→ WHAT THE EXERCISE ASKS: Your task is to reproduce the listing exactly, without its images.
BEGIN DATASET EXCERPT
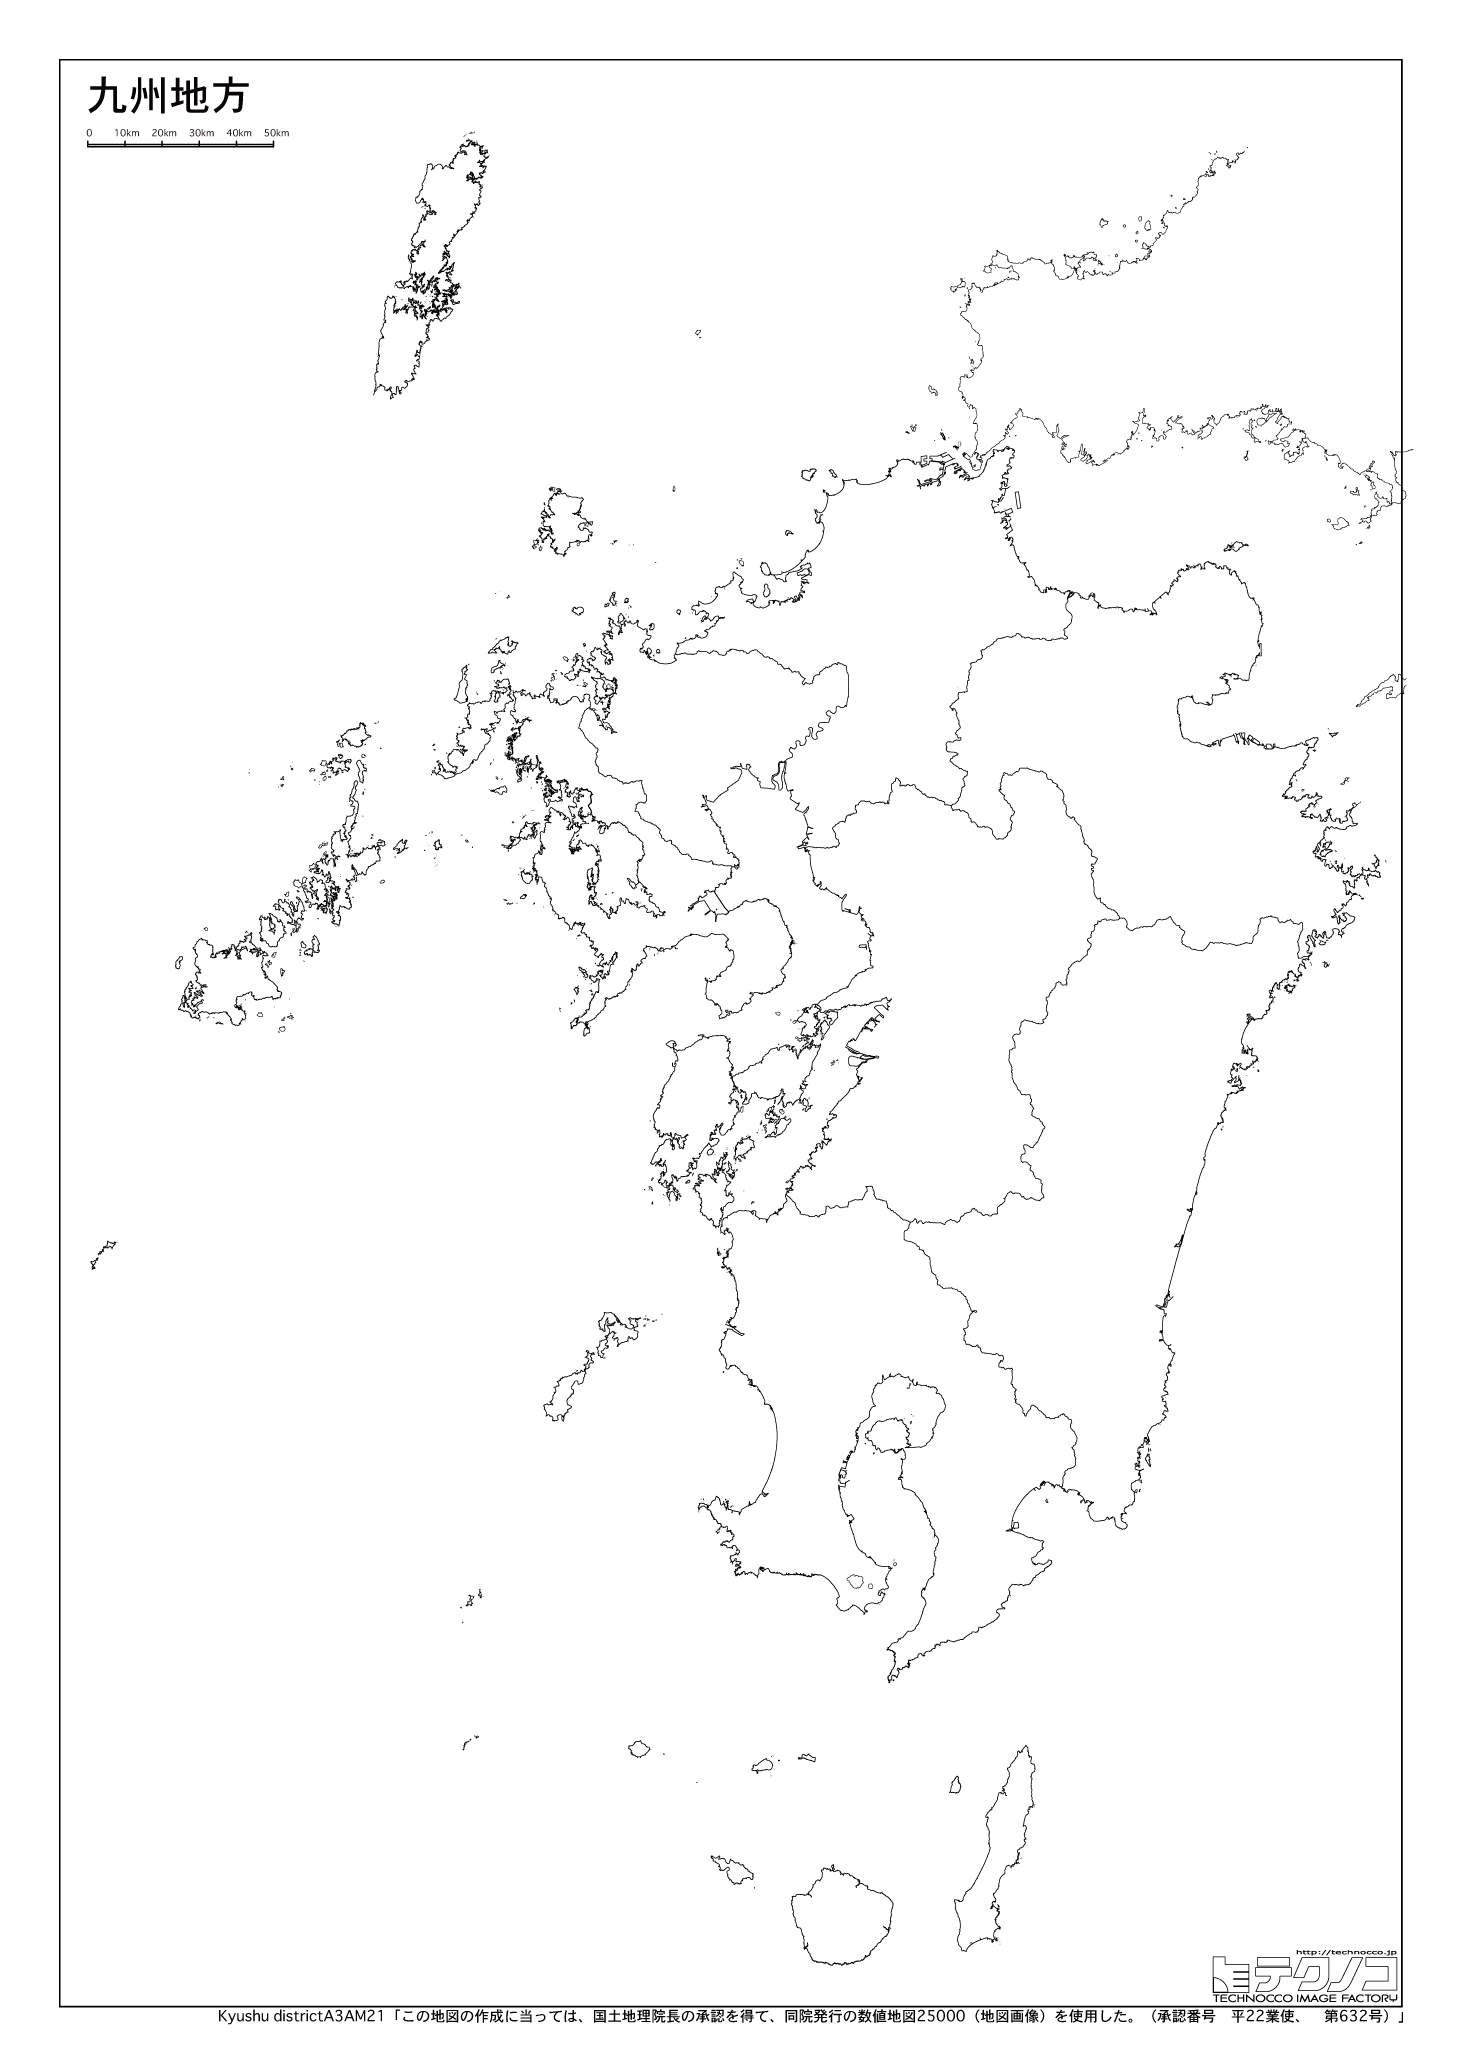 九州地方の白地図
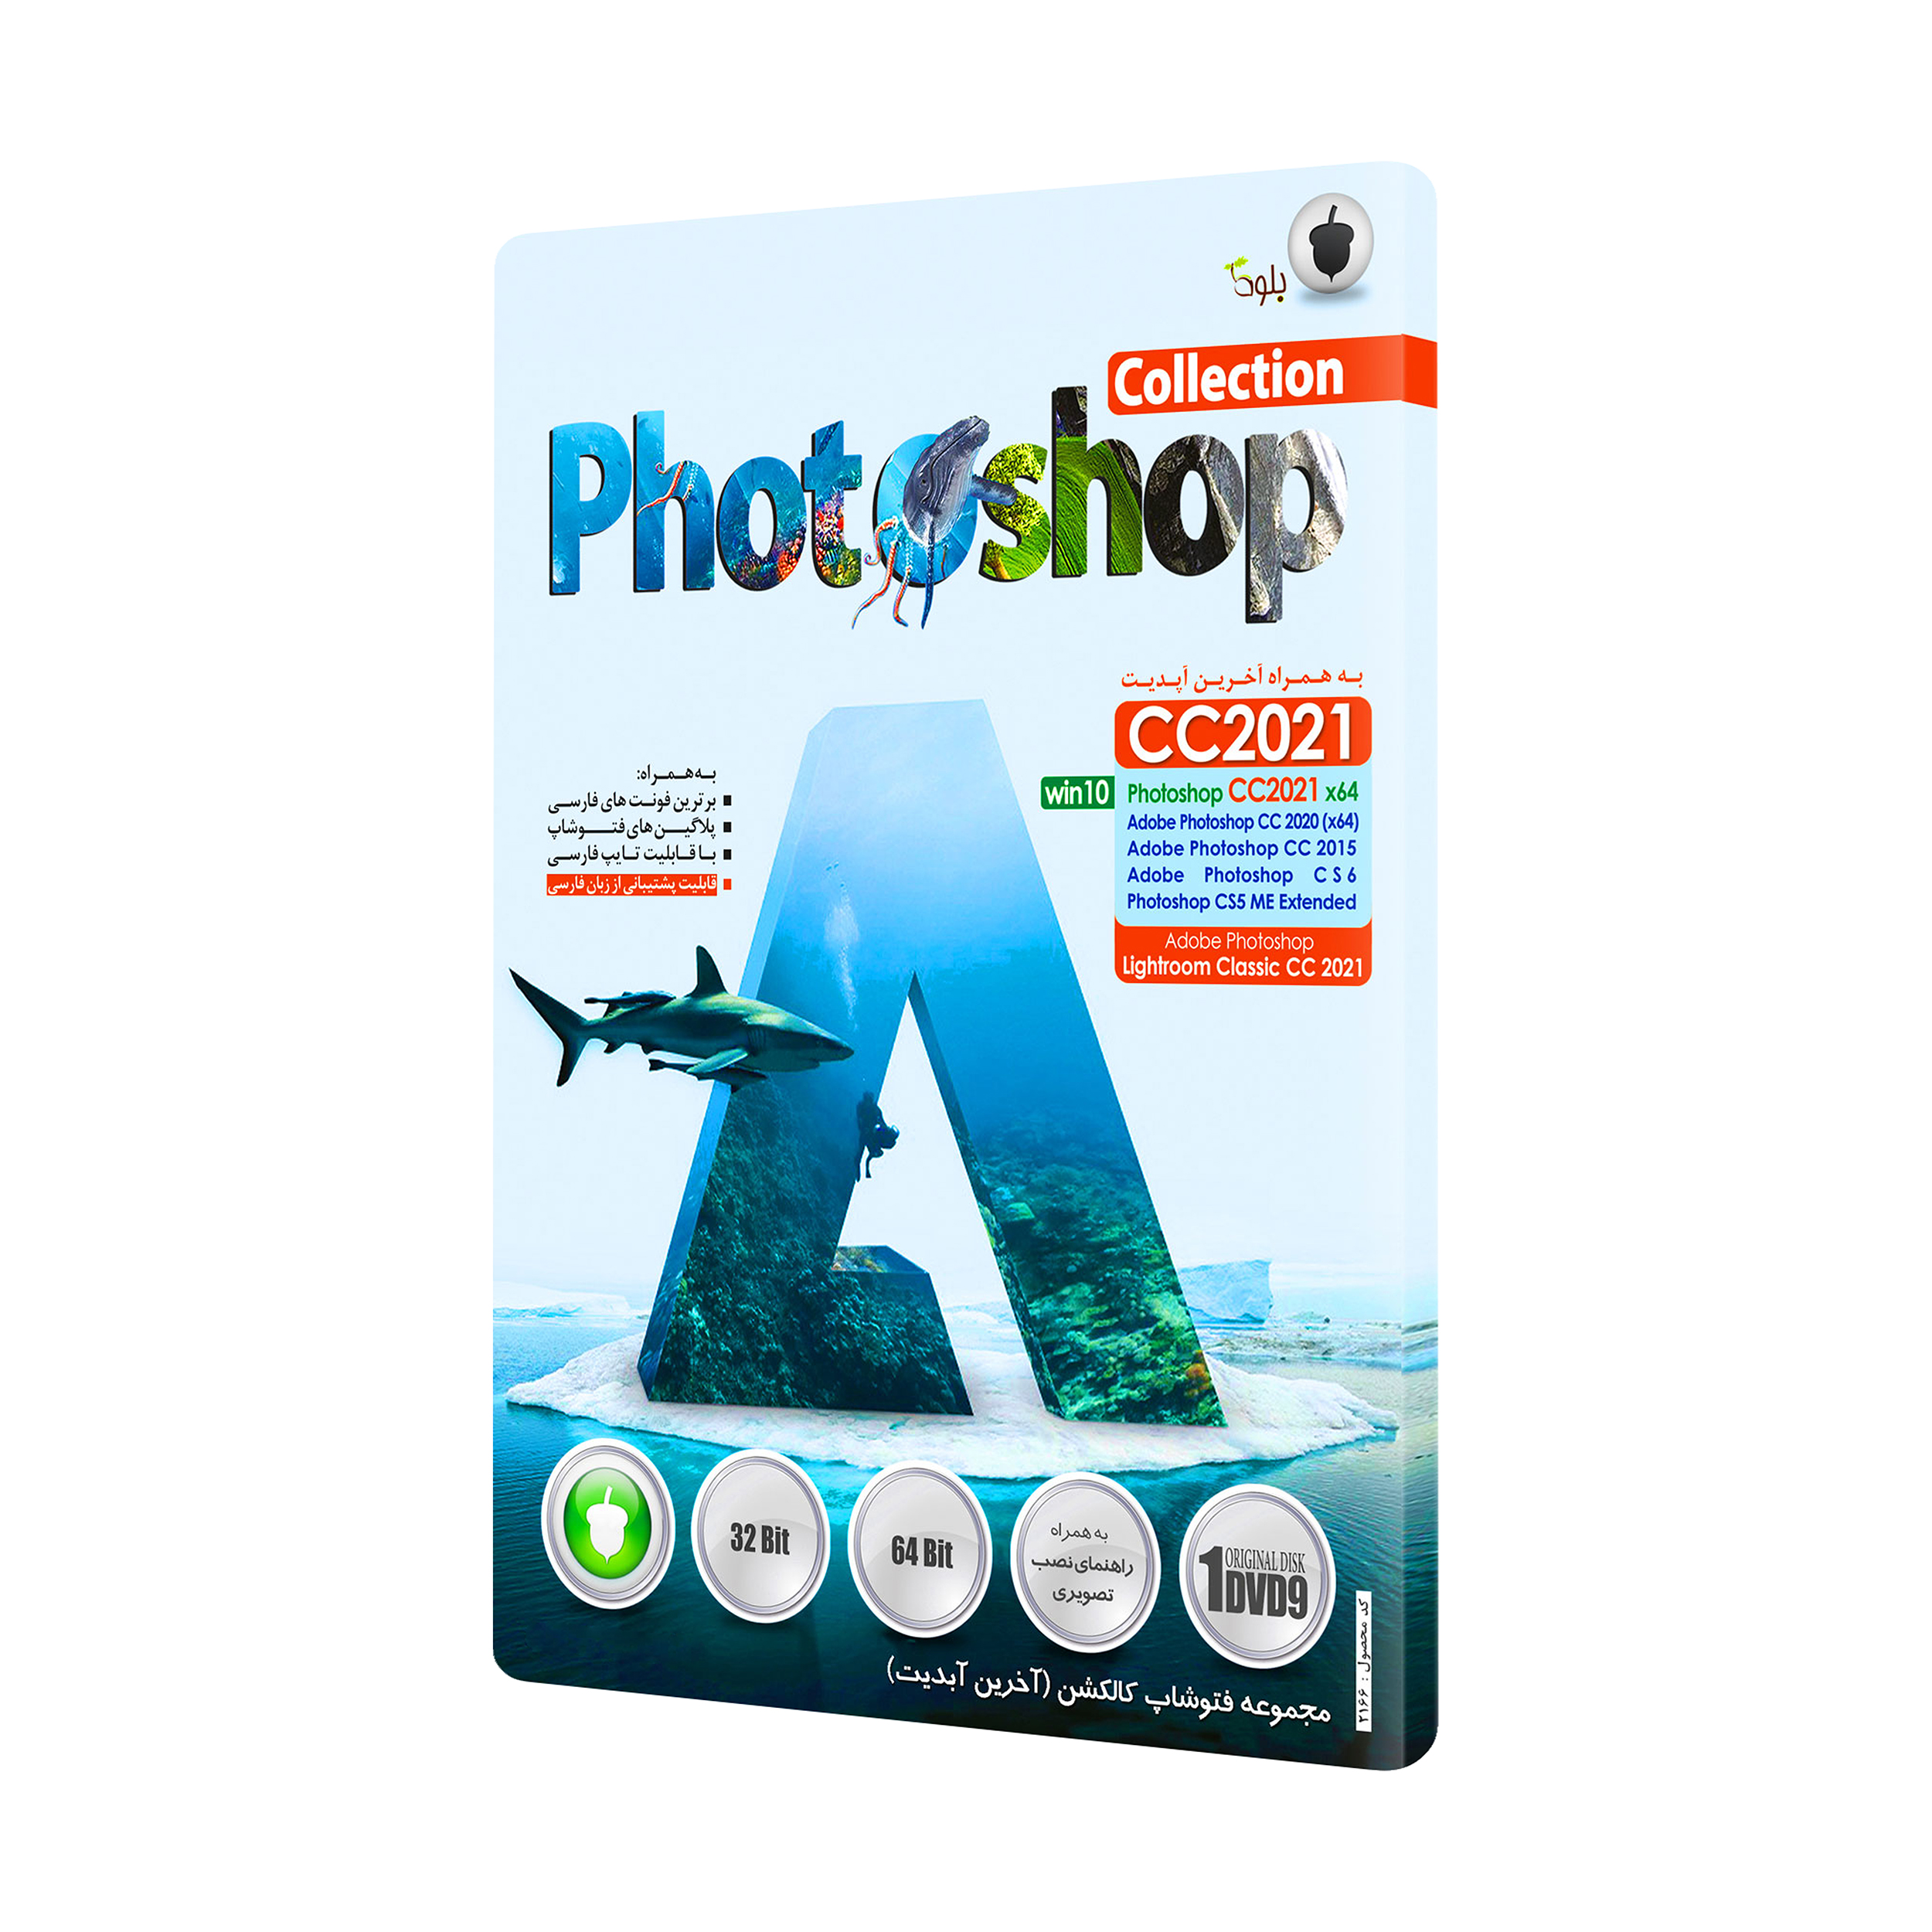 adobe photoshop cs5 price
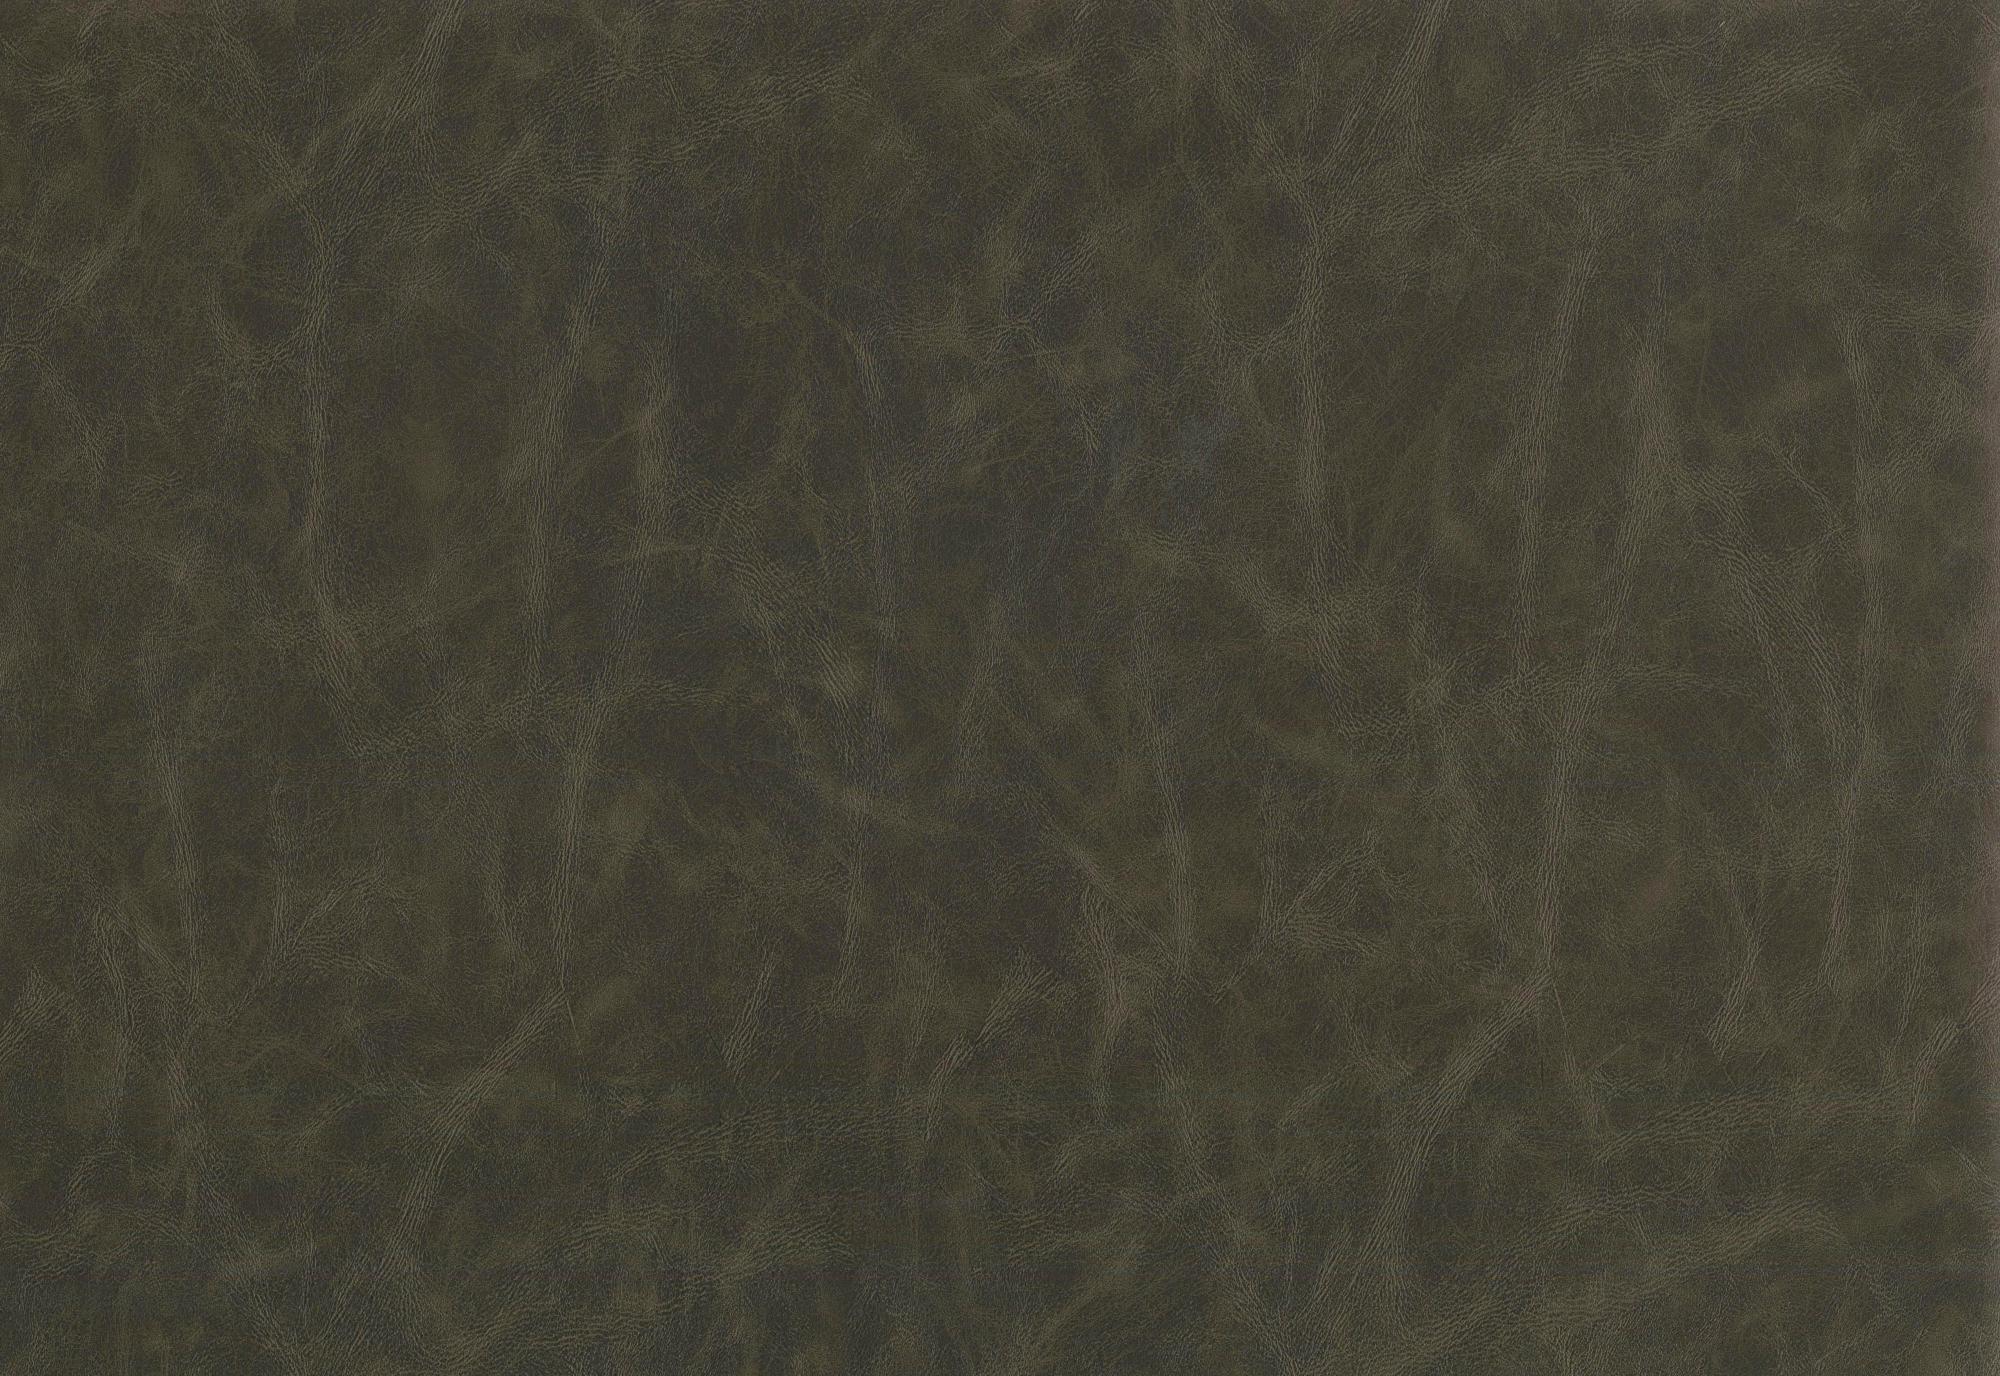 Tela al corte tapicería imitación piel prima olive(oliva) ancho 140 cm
END DATASET EXCERPT
→ RESULT OF THIS TASK:
 九州地方の白地図
 adobe photoshop cs5 price
 Tela al corte tapicería imitación piel prima olive(oliva) ancho 140 cm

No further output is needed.